"The goat had a goatee, horns, and a long-haired silver torso. Its head and neck were streaked with several colors of paint, as though it had put on makeup while drunk. Not only that-there was a black-and-white rubber tire around its middle. Standing before the goat, I felt as if I were having the worst or best possible dream, and, to steady myself, I read the wall label."
"(I learned later that, in his twenties, he'd changed his name from Milton to Robert, because he liked the approachable sound of "Bob.") Who was this man? And what did the word "monogram" mean in this context, or in any context? I remember perspiring, not because the museum was too hot but because something was happening to me: an aesthetic experience I did not understand was changing my body temperature, changing my mind."

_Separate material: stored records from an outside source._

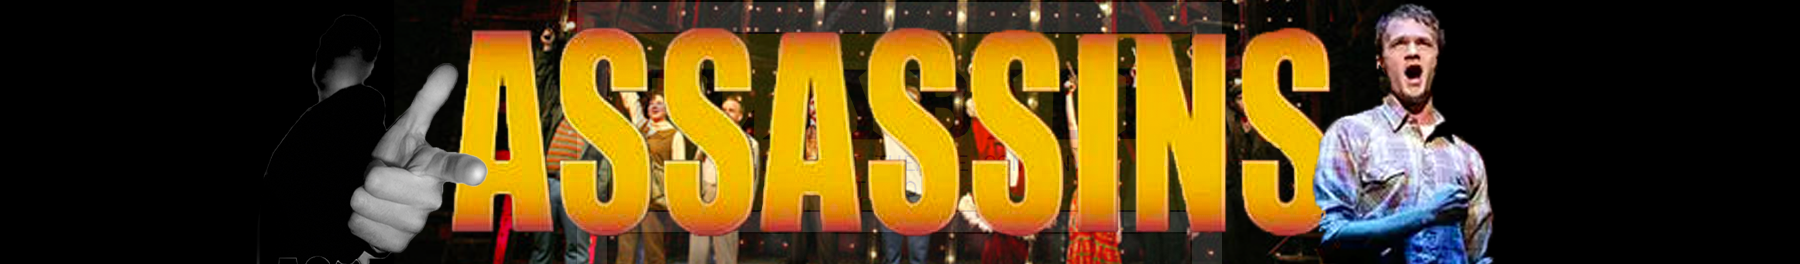 Assassins Broadway Show
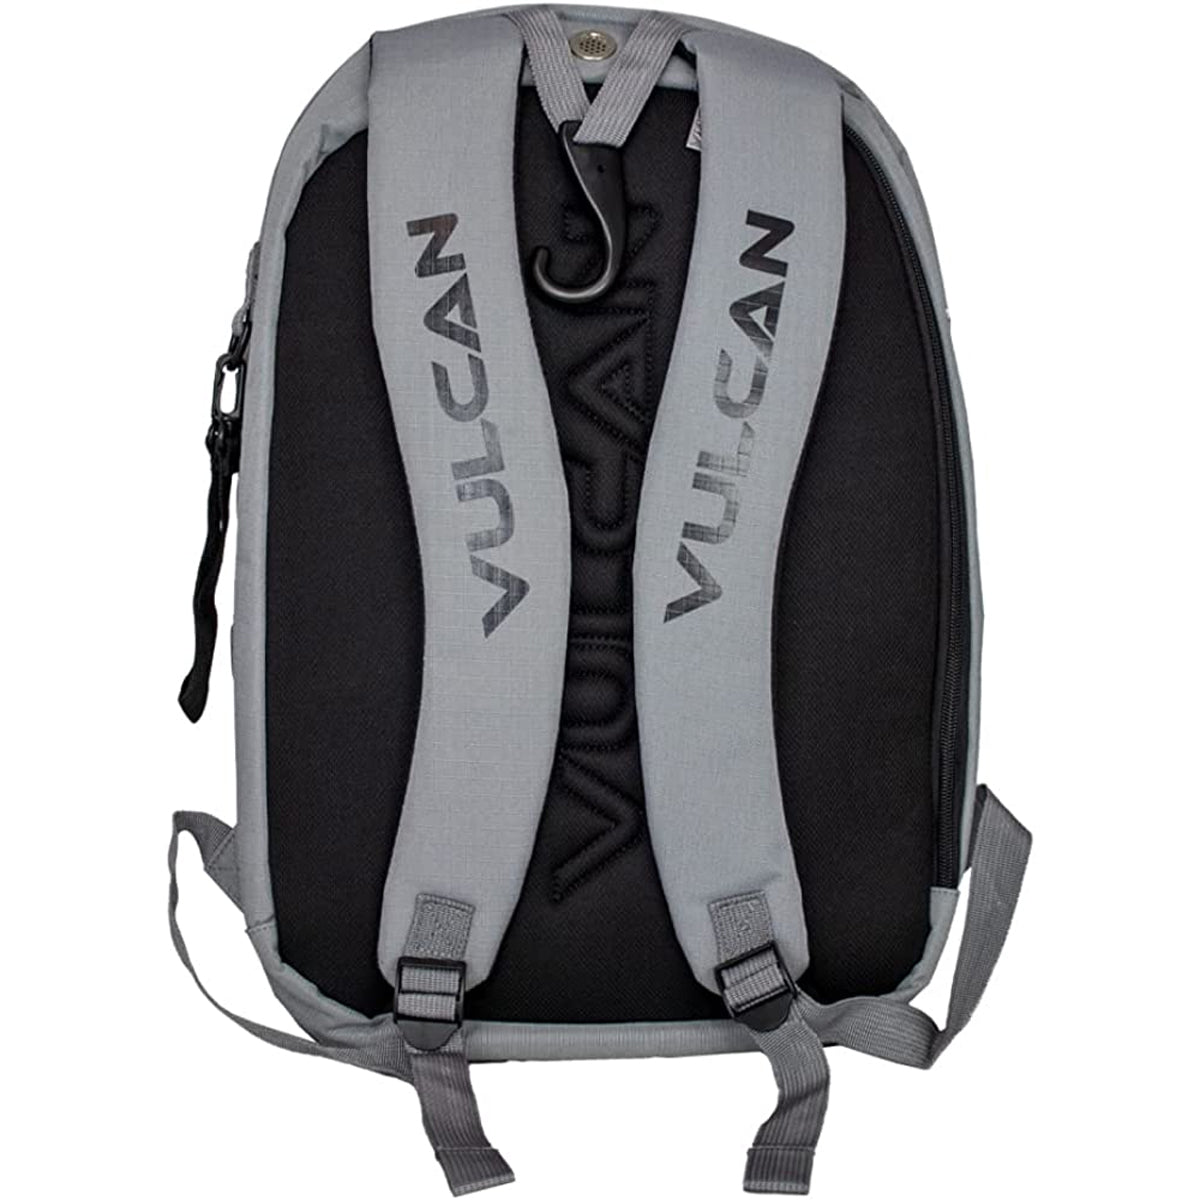 Vulcan VTOUR Backpack - Gray/Black Vulcan
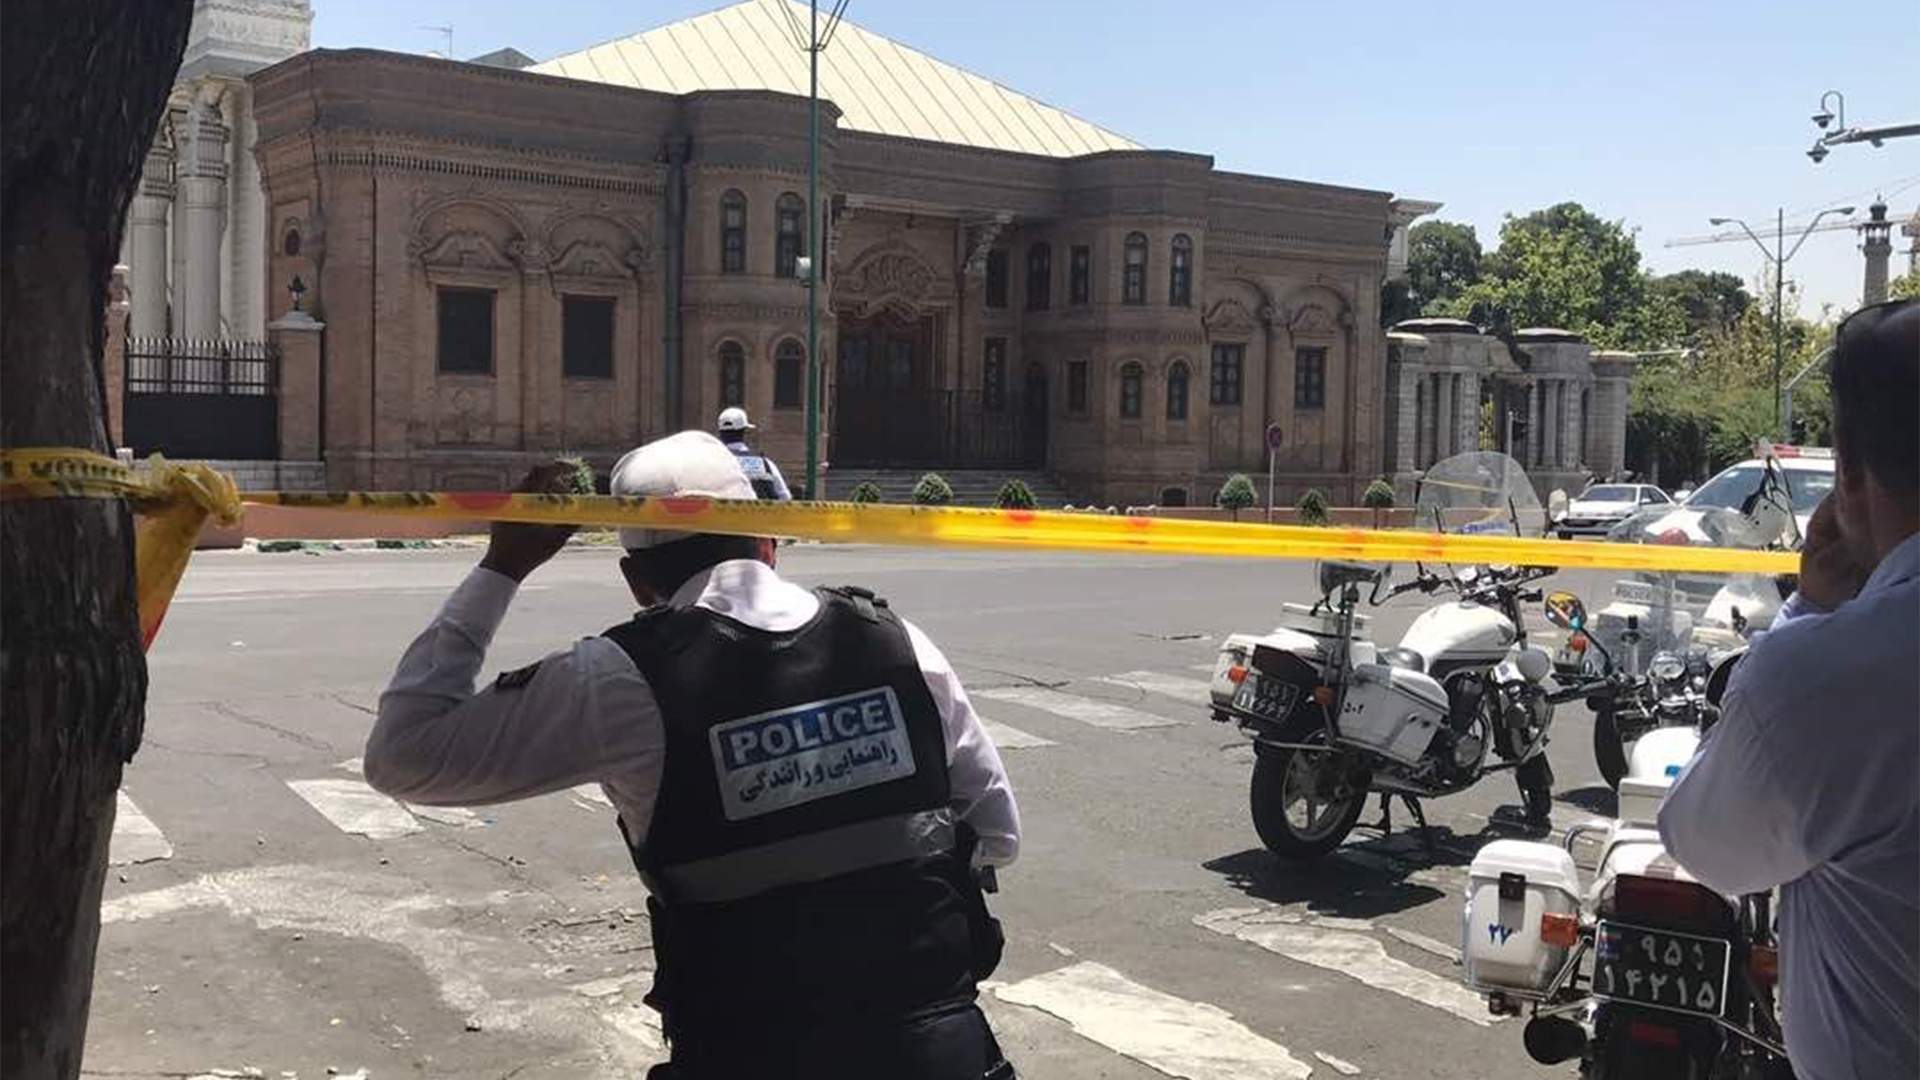 Polizeiabsperrung in Teheran | picture alliance / abaca
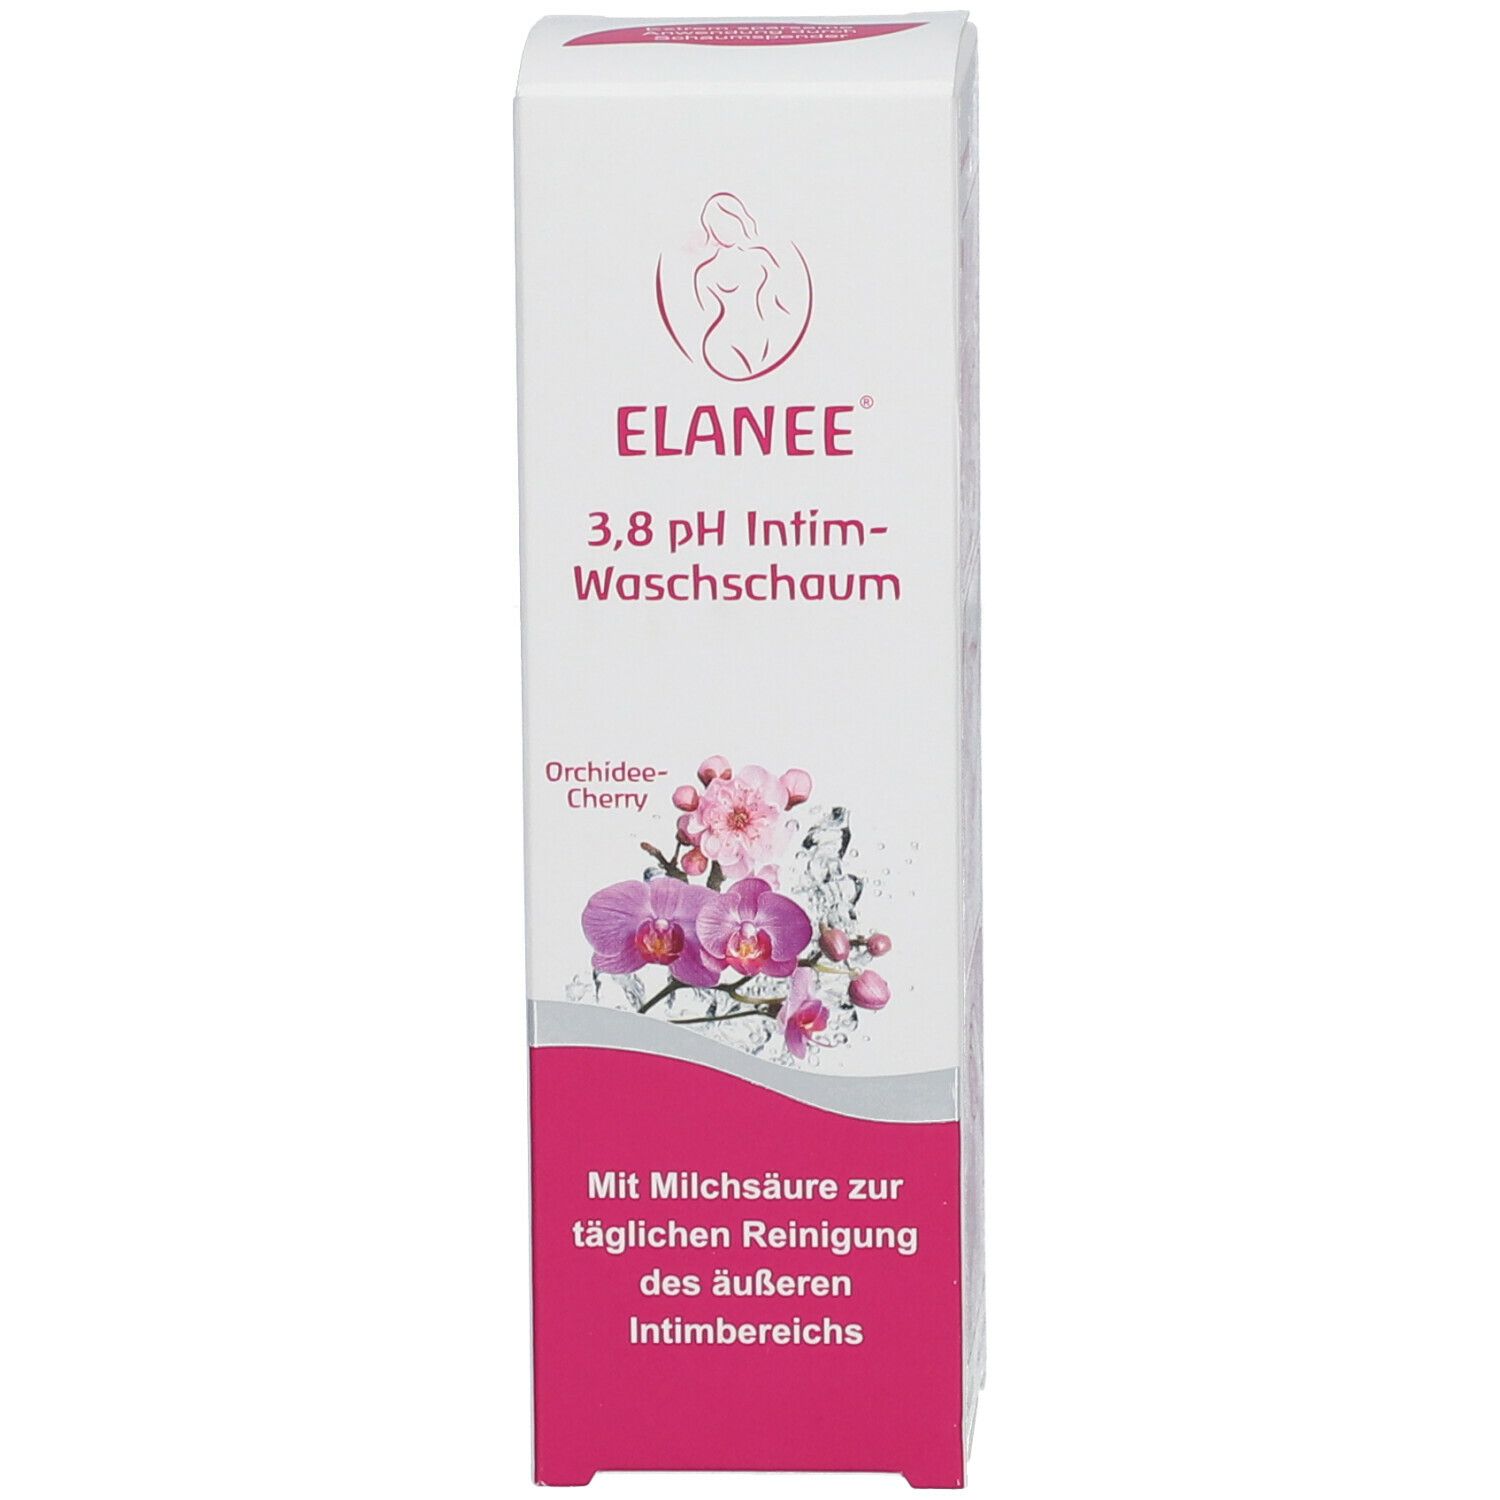 ELANEE® 3,8 pH Intimwaschschaum

The narrator frequented the Museum of Modern Art in the mid-1970s while attending the High School for Performing Arts near West Forty-sixth Street and living in Brooklyn. Visits included Manhattan landmarks such as the Gotham Book Mart and encounters with various art forms. A pivotal experience occurred upon seeing Robert Rauschenberg's Monogram: a stuffed goat with painted streaks, long silver hair, and a black-and-white rubber tire around its middle. The work produced a visceral, destabilizing reaction that altered body temperature and perception. The narrator later learned that Rauschenberg had changed his name from Milton to Robert in his twenties.